Vanessa Escolar, Cardiology Department, School of Medicine, Basurto University Hospital, Bilbao, San Sebastián, Spain
Ainara Lozano, Cardiology Department, School of Medicine, Basurto University Hospital, Bilbao, San Sebastián, Spain
Nekane Larburu, Biomedical Department, Vicomtech Research and Technological Center, Donostia, San Sebastián, Spain
Jon Kerexeta, Biomedical Department, Vicomtech Research and Technological Center, Donostia, San Sebastián, Spain
Roberto Álvarez, Biomedical Department, Vicomtech Research and Technological Center, Donostia, San Sebastián, Spain
Amaia Echebarria, Cardiology Department, School of Medicine, Basurto University Hospital, Bilbao, San Sebastián, Spain
Alberto Azcona, Cardiology Department, School of Medicine, Basurto University Hospital, Bilbao, San Sebastián, Spain


Introduction: Heart failure (HF) is a major concern in public health.
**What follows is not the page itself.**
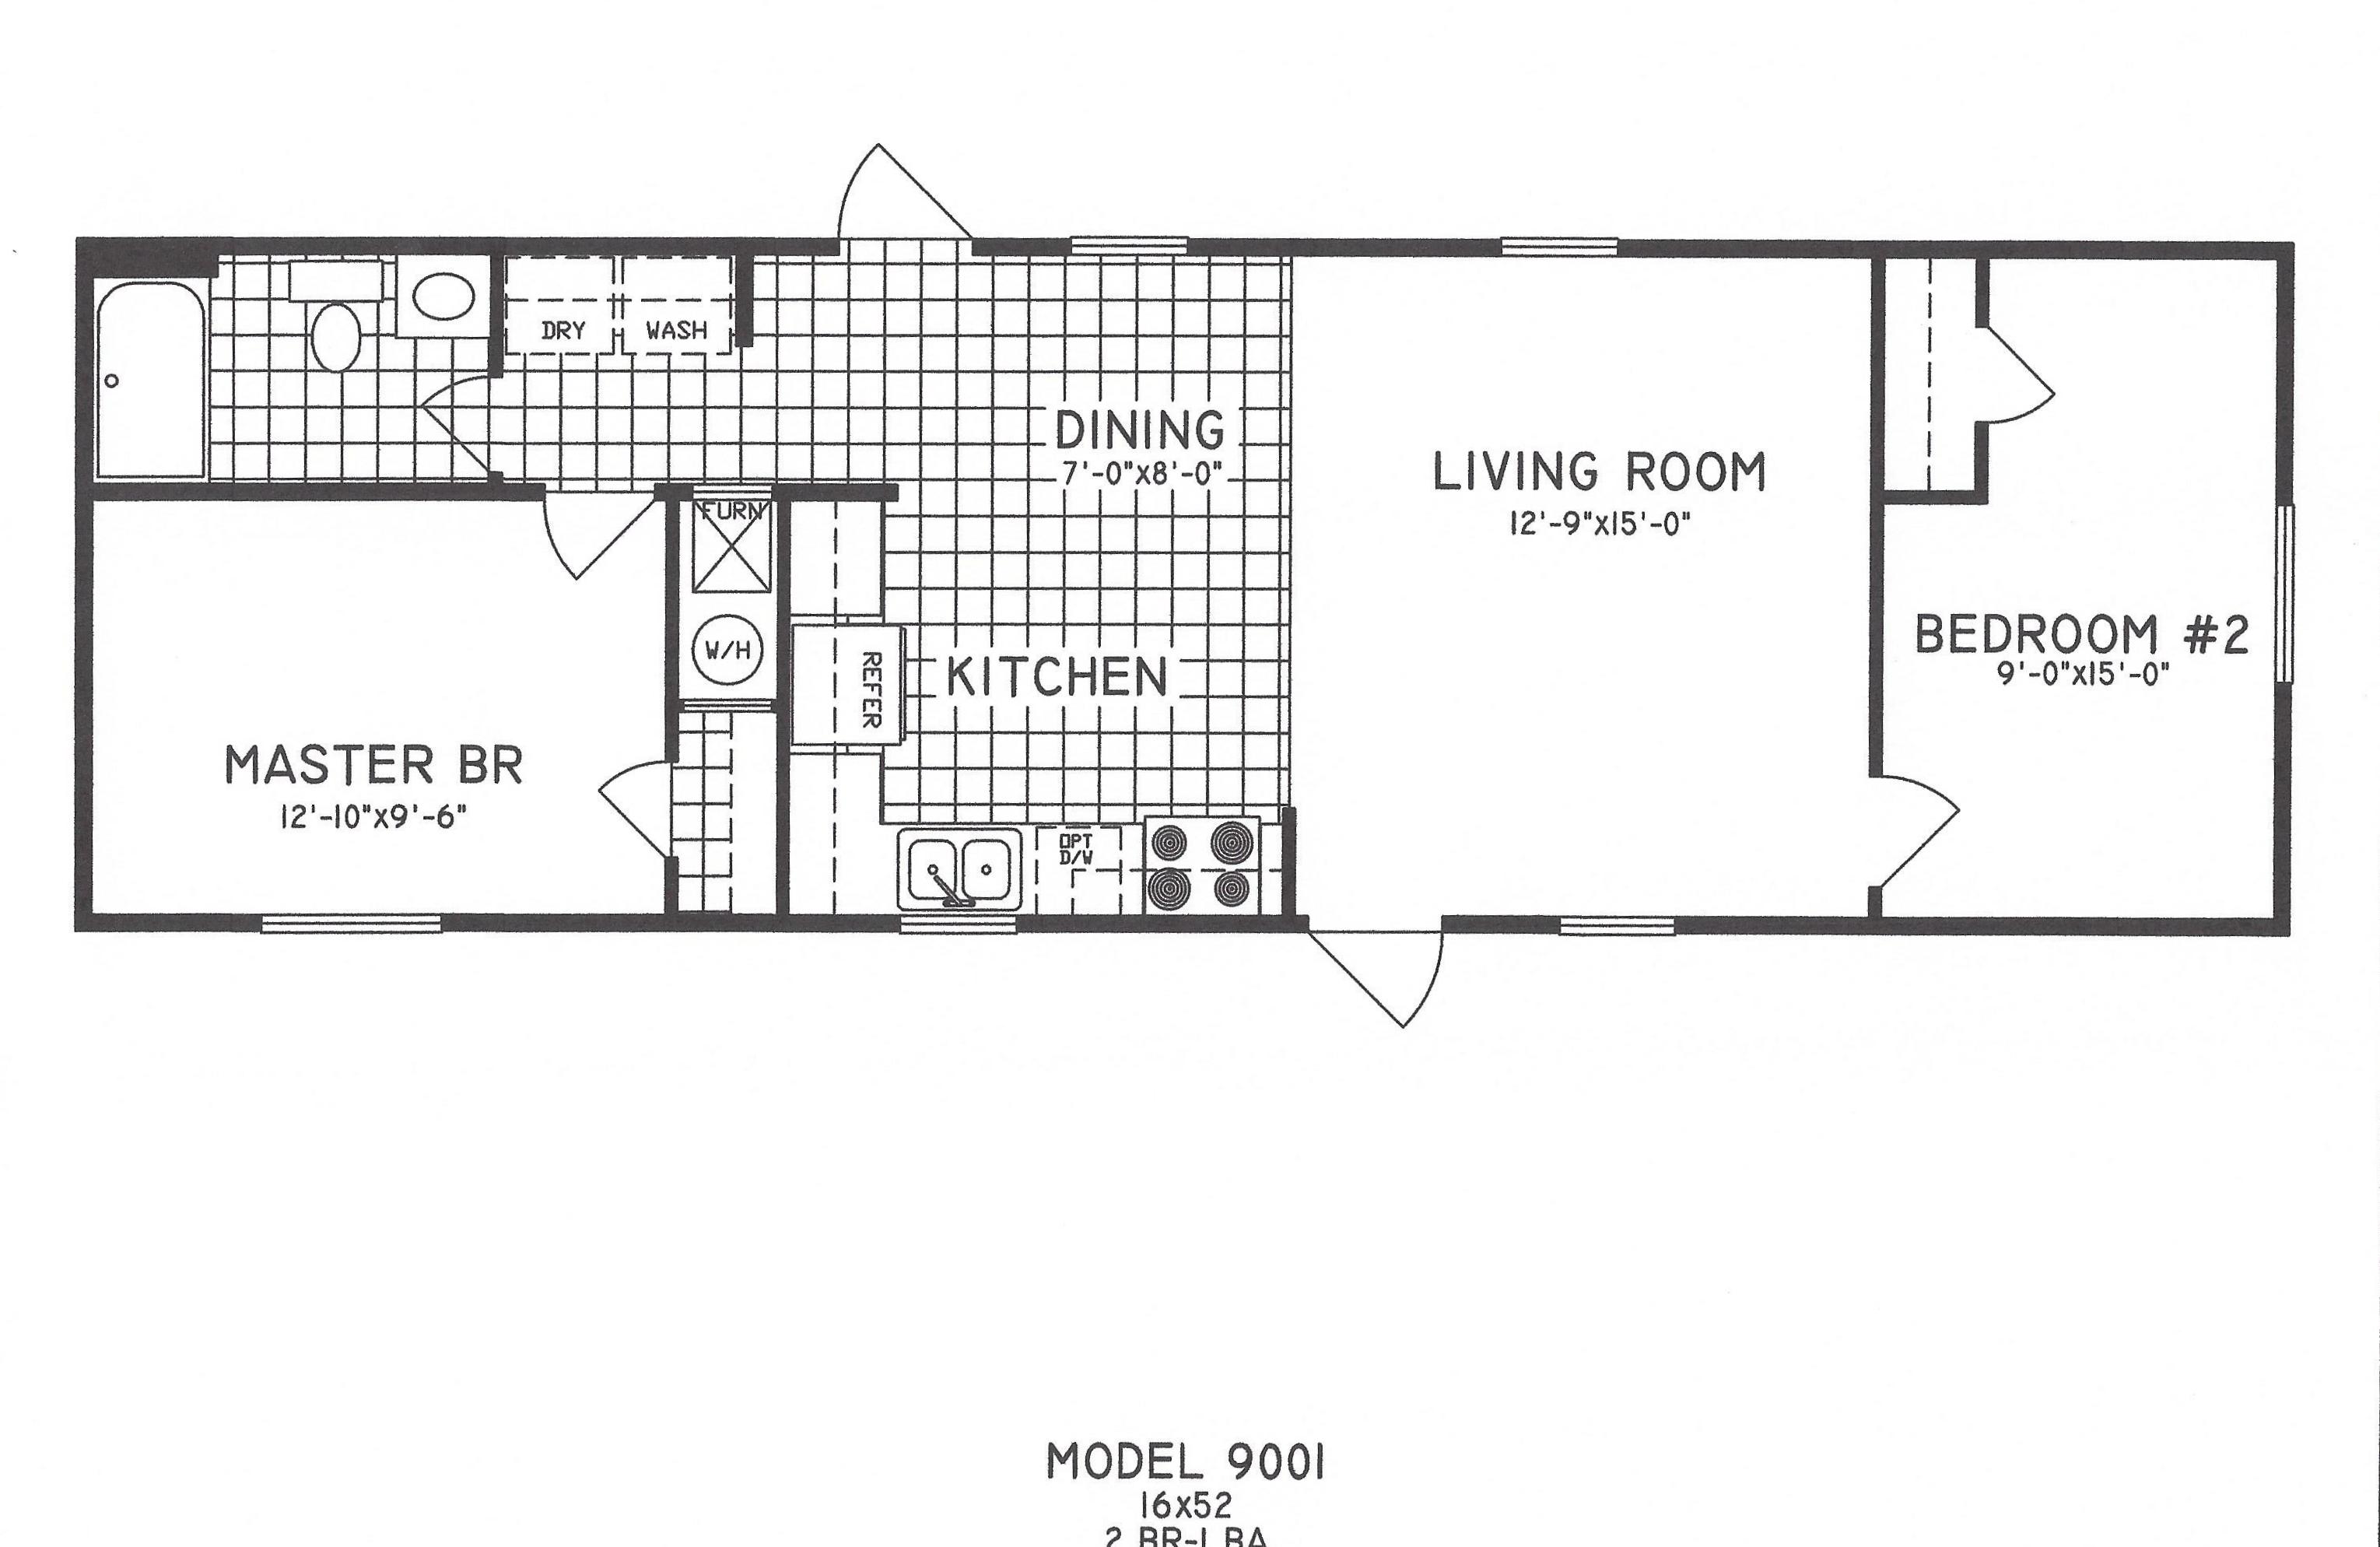 2 Bedroom Floor Plan C9001 Hawks Homes Manufactured

We have used artificial intelligence to analyze information and improve patient outcomes. Method: An Observational, retrospective, and non-randomized study with patients enrolled in our telemonitoring program (May 2014-February 2018). We collected patients’ clinical data, telemonitoring transmissions, and HF decompensations. Results: A total of 240 patients were enrolled with a follow-up of 13.44 ± 8.65 months. During this interval, 527 HF decompensations in 148 different patients were detected. Significant weight increases, desaturation below 90% and perception of clinical worsening are good predictors of HF decompensation. We have built a predictive model applying machine learning (ML) techniques, obtaining the best results with the combination of “Weight + Ankle + well-being plus alerts of systolic and diastolic blood pressure, oxygen saturation, and heart rate.” Conclusions: ML techniques are useful tools for the analysis of HF datasets and the creation of predictive models that improve the accuracy of the actual remote patient telemonitoring programs.



Keywords: Heart failure decompensations. Hospital admissions. Remote patient telemonitoring. Artificial intelligence. Machine learning. Predictive models.